Jamie Dimon, Chairman and CEO of JPMorgan Chase, has openly expressed his frustration with the political situation in Washington. “It’s almost embarrassing being an American citizen,” he said, exasperated at the legislative gridlock stymieing policy initiatives on tax reform and infrastructure investment.

 

The U.K.’s wartime Prime Minister Winston Churchill was one of America’s biggest admirers. “If I were to be born again, there is one country in which I would want to be a citizen. There is one country where a man knows he has an unbounded future: the USA,” he said. The old man would be turning in his grave at the sight of Trump’s America lurching toward protectionism, immigration restrictions and isolationism.

 

Firebrand policies have seen the Trump presidency mired in problems of its own making and a series of scandals have engulfed the administration.

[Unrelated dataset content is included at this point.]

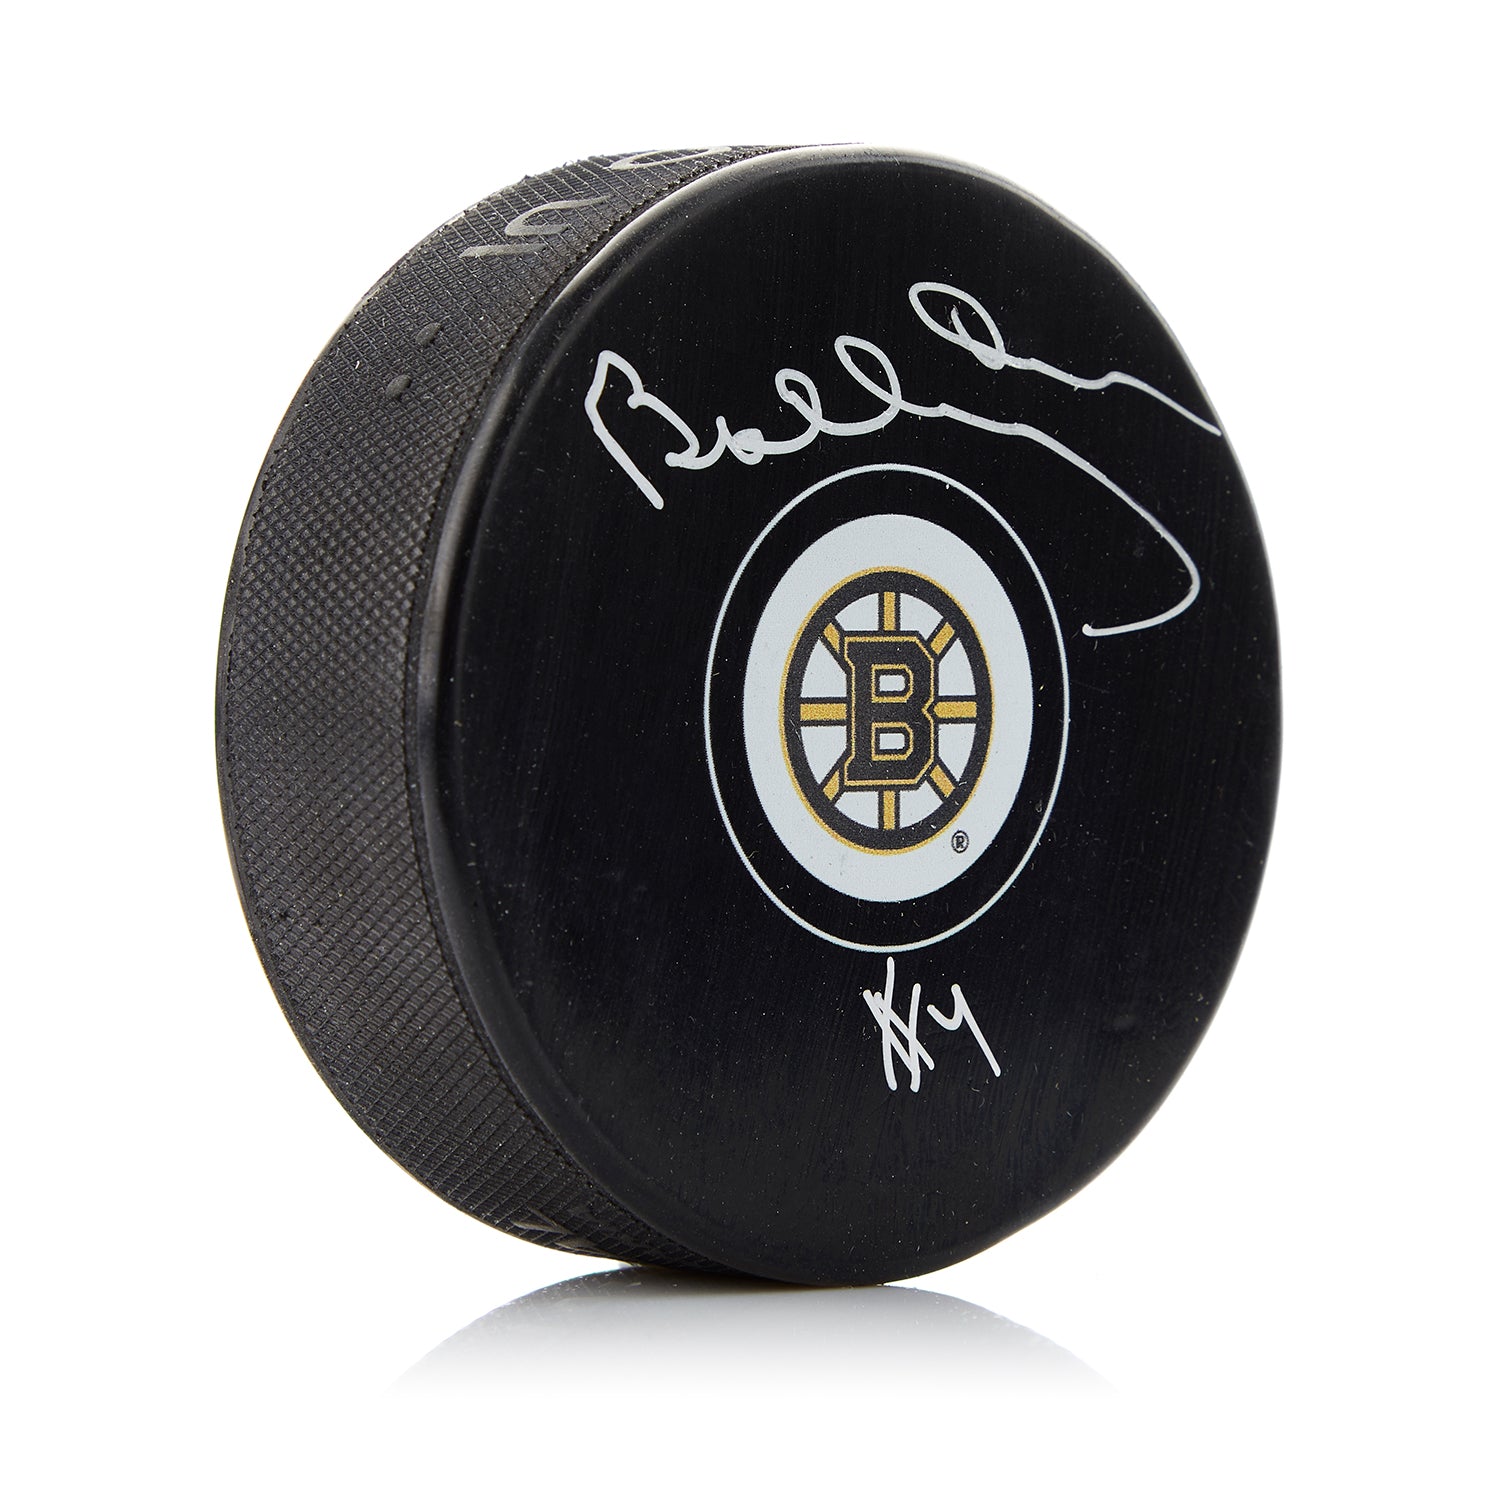 NHL St. Louis Blues Player Autograph ? Help Me Identify This : r/Autographs

But the world is gradually adapting.

 

The monthly Global Economic Policy Uncertainty Index, compiled by a group of U.S. economists using reports in major newspapers, hit a record high of 312 when Trump was sworn in in January. But it has since fallen steadily, reaching 164 in June, a level close to where it was immediately before the presidential election in November.

 

There are signs that the markets are getting used to Trump and the world’s other major economies have started working on the assumption that his policy agenda is unlikely to change.

 

Japanese Prime Minister Shinzo Abe has been championing himself as the standard-bearer for free trade. His big initiatives include trying to press ahead with the Trans-Pacific Partnership without the U.S. and early implementation of the economic partnership agreement recently confirmed the outline with the European Union.

 

German Chancellor Angela Merkel has stressed the need to refocus Europe’s policies. “We Europeans must really take our fate into our own hands,” she said soon after this year’s summit of the Group of Seven leading economies.

 

Merkel has demonstrated a commitment to the Paris climate change accord and other important global policy efforts even without U.S. participation.

 

But there is a limit to what can be achieved in the absence of Washington’s leadership.

 

If Trump does resort to specific protectionist measures like restricting steel imports, Japan, Europe and other exporters will be forced to retaliate, triggering a global trade war.

 

Fifteen former top White House economists, including former Federal Reserve Chairman Ben Bernanke, have called on Trump not to impose tariffs on steel imports.

 

“We urge you to avoid a policy that would likely incur greater economic and diplomatic costs than any conceivable national security gain,” they stated in a joint letter to the president.

 

Some of Washington’s rivals have also sensed an opportunity for gain.

 

Chinese President Xi Jinping is maneuvering to use his Belt and Road Initiative — the development of a huge economic corridor linking East Asia and Europe — to expand China’s sphere of influence across the Eurasian continent.

 

Beijing’s recent courting of Panama has also been seen as part of a strategy to undermine U.S. supremacy. The Central American country established formal diplomatic relationship with China and severed its ties with Taiwan earlier this year.

 

Russian President Vladimir Putin is seeking to boost Moscow’s clout with the Eurasian Economic Union initiative, a regional economic partnership among countries in northern Eurasia.

 

Trump’s policy decisions in the first half year of his presidency have prompted former National Security Adviser Susan Rice to warn that China and Russia will emerge as the real winners of America first.

 

The president likes to say America should no longer be a “laughing stock,” but his actions have succeeded in raising awkward grimaces from the U.S.’s allies and, perhaps more worryingly, knowing smirks from its rivals.